Earle told Kennedy that he wanted the album to have an Outlaw-ish approach, and that Waylon Jennings’ Honky Tonk Heroes was his inspiration. The opening/title song is a perfect start: a duet between Earle and original outlaw Willie Nelson.

“For Steve’s voice, I’ve got a special, old Neumann tube mic that’s modified by Fred Cameron; he was famous for doing little mods to classic German microphones that made them even better than the original,” Kennedy explains. “Steve sang through a hybrid 67/87; it’s the mic that you would hear on most of our records for the past 22 years.

“Steve’s guitar amp is a Vox AC50, which he bought from [Bob Dylan guitarist] Charlie Sexton,” Kennedy continues. “He had two AC50s, and somehow Steve convinced him that one of them should be his. I had a custom cabinet made for that by [speaker manufacturer] Scumback; the back opens and closes, so if you want a really tight Marshall sound, close the back; if you want more sound spilling out and filling the room, like to get all the sparkly overtones of a 12-string, you open it. Steve played a ’55 Tele and a ’55 Les Paul; that’s his birth year, 1955, so he’s really into ’55 guitars.”
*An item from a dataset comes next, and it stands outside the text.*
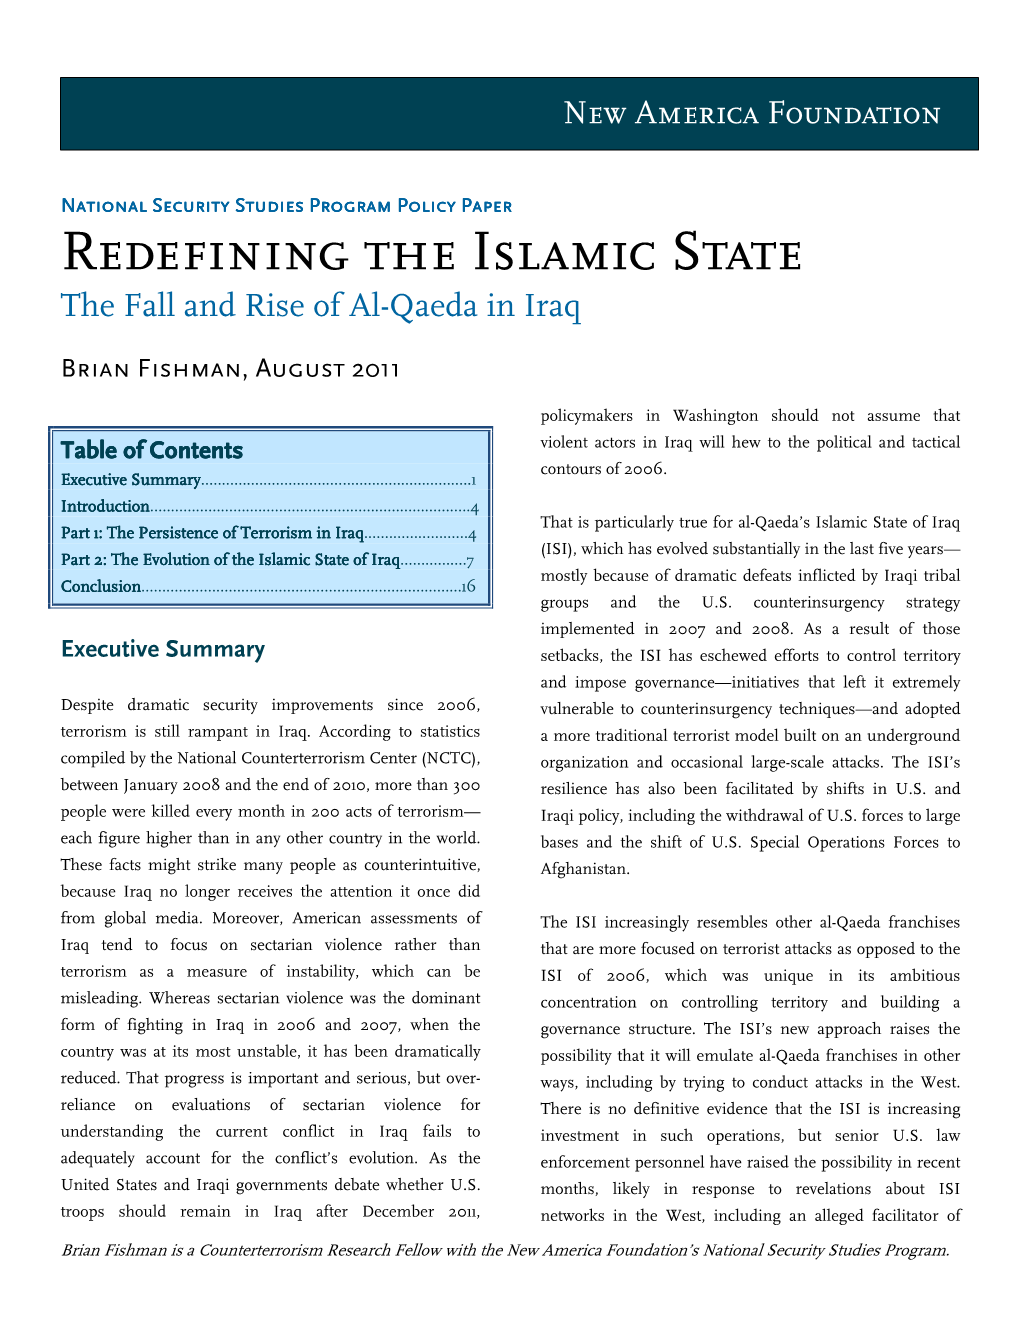 Redefining the Islamic State the Fall and Rise of Al-Qaeda in Iraq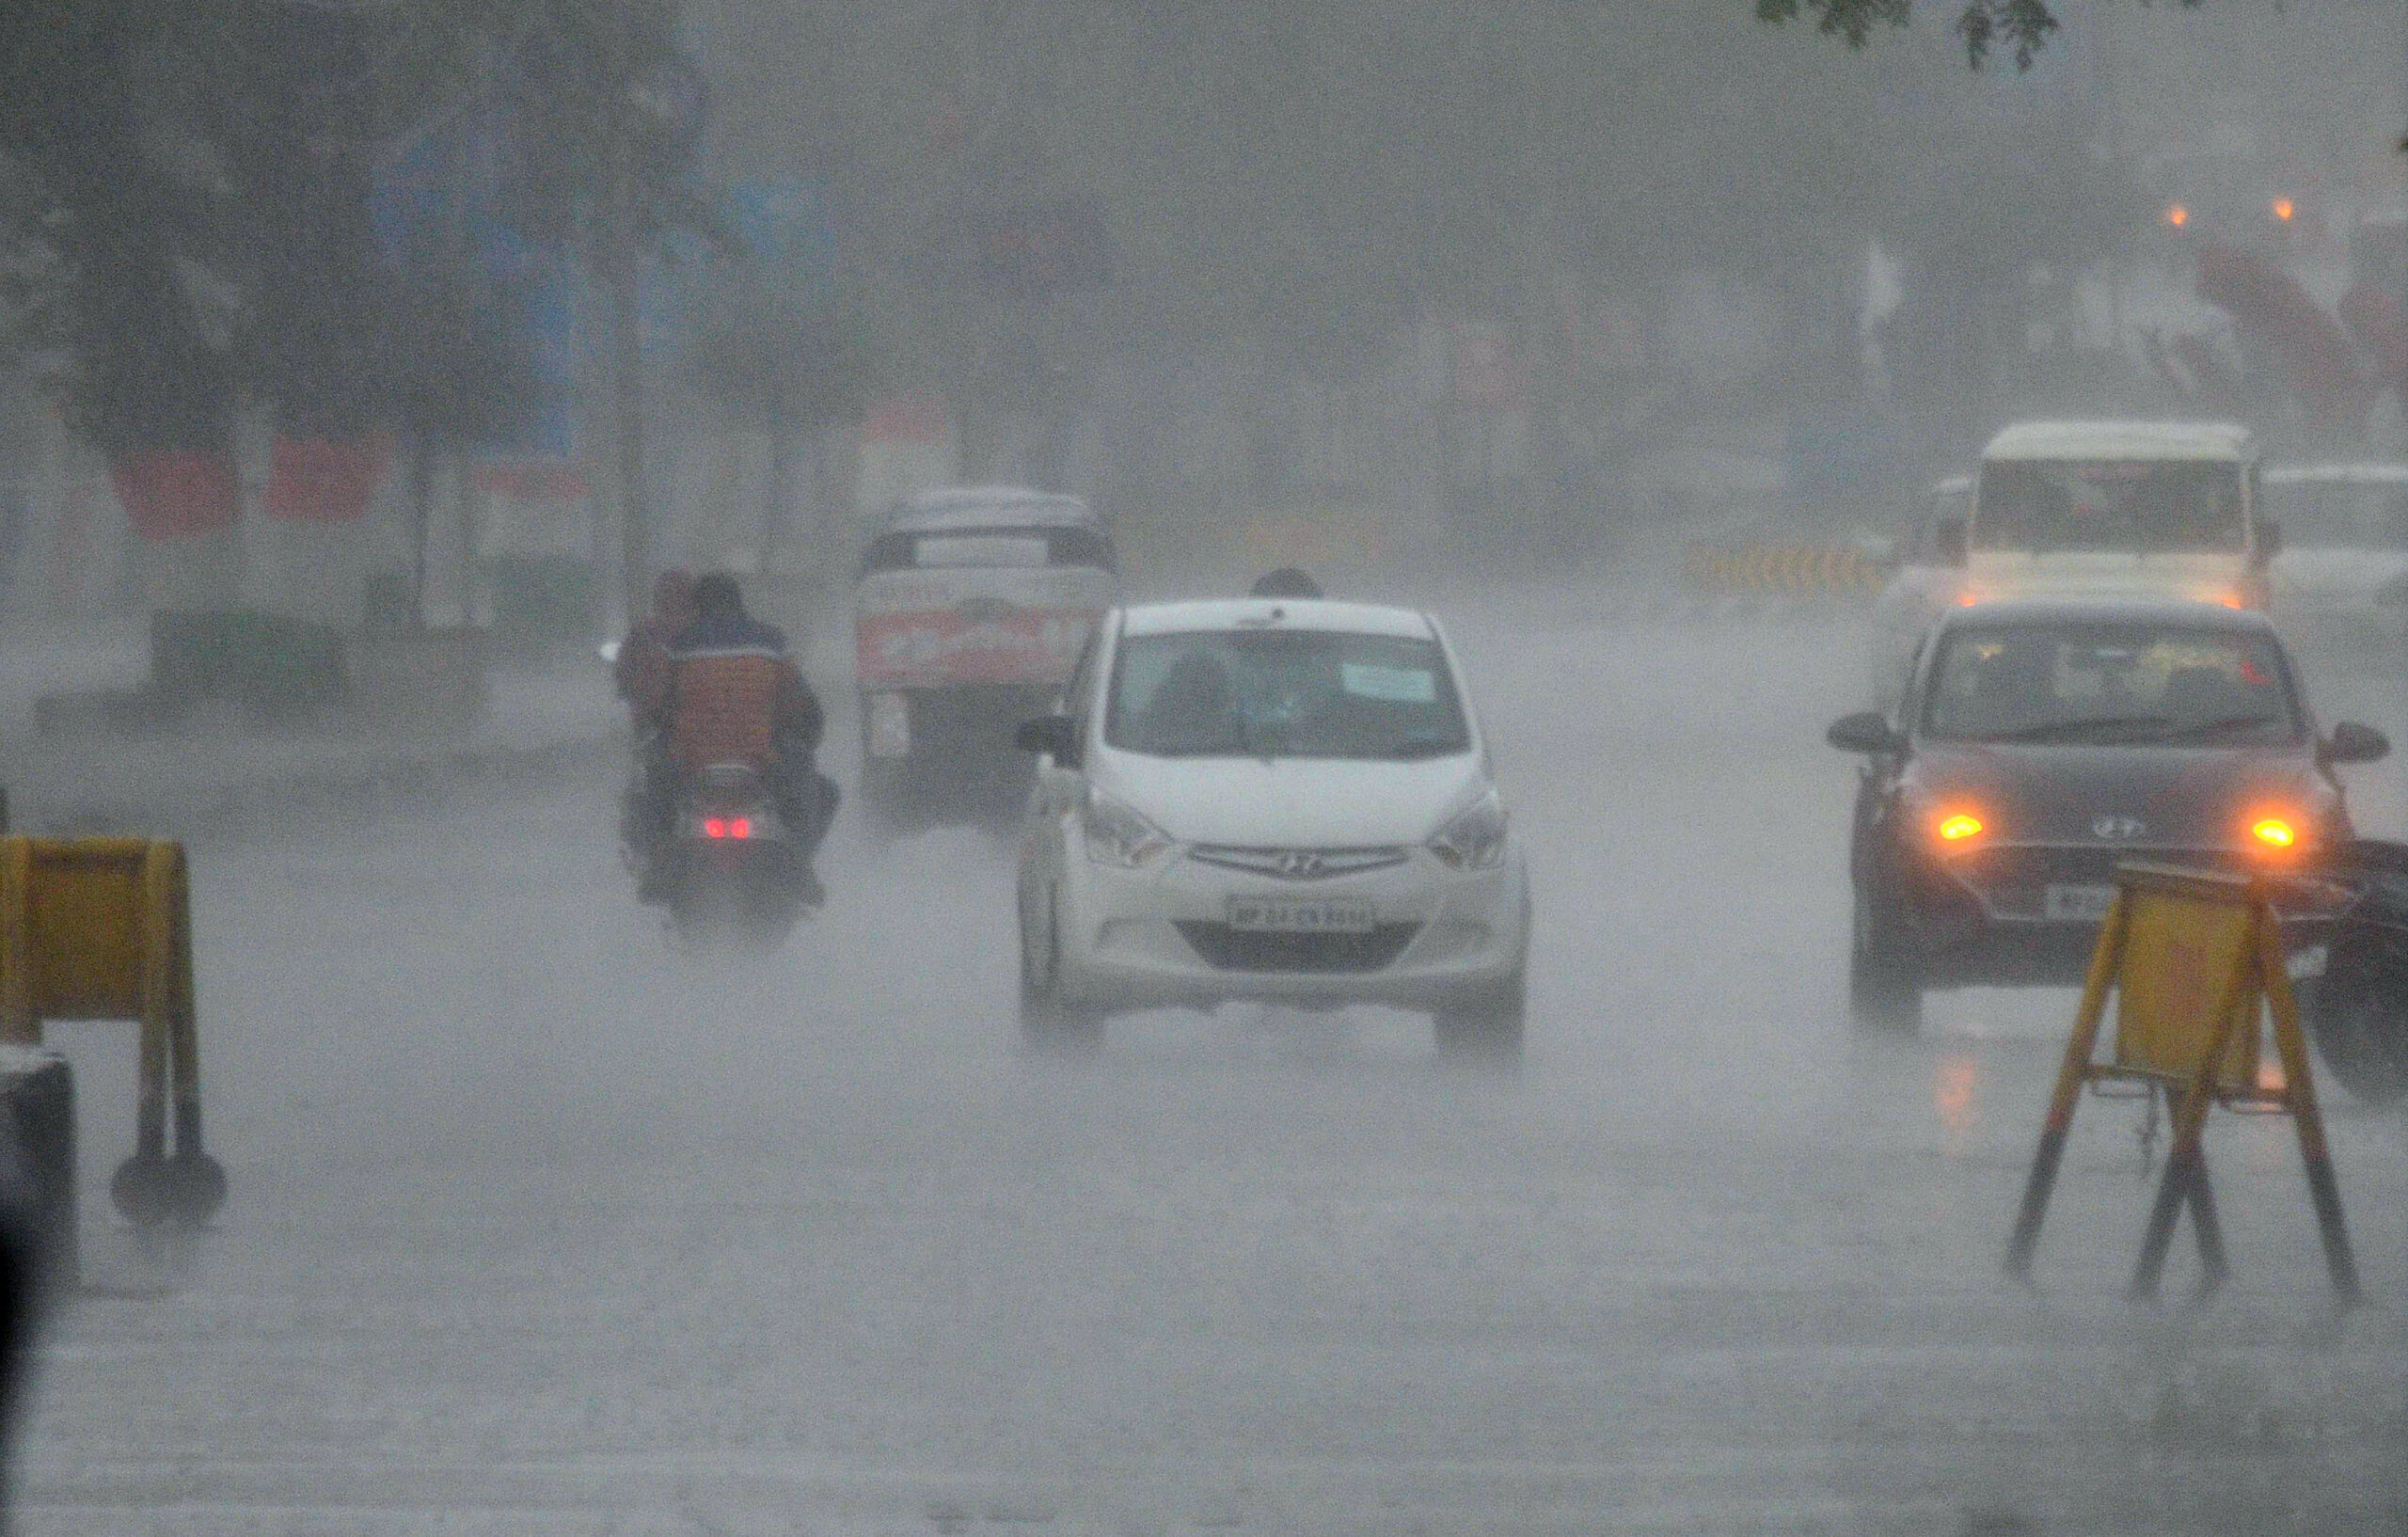 Thunderstorm with light intensity rain likely to occur in Delhi, says IMD

Kennedy captures Earle’s amp via an RCA 74B, a ribbon mic from the ’40s. “I have a lot of those RCA ribbons,” he says. “The 74B is like a baby 44. I just like ribbon mics on guitars; Chris Masterson’s guitar was miked with a 74B as well.” 

The engineer brought those ribbon mics with him from Nashville to Austin, as well as a collection of his favorite drum mics. His choices include an Elecro-Voice 868 on kick drum (“because it’s punchy and tough-sounding, and goes an octave lower than other kick drum mics”), a 57 on snare top, an RCA Varacoustic ribbon as a room mic and an AKG C12A as an overhead.

“I don’t use overheads in a traditional sense,” Kennedy says. “I’m one of those who uses the Glyn Johns method of putting the mic over the drummer’s shoulder. That picks up the toms and cymbals.” Kennedy also put up a trash mic near the floor, to add more personality to some of the rocking tracks.

He used a more clean sound, however, on ballads such as the duet by Earle and Miranda Lambert, “This Is How It Ends.” Lambert joined the band at Arlyn, and sang live with them on the heartbreaker she co-wrote with Earle.

“You need that chemistry of two people singing together at the same time,” Kennedy says. “All the great duo acts—the Everly brothers, Simon and Garfunkel—the two of them sing together, and the synergy is tremendous.”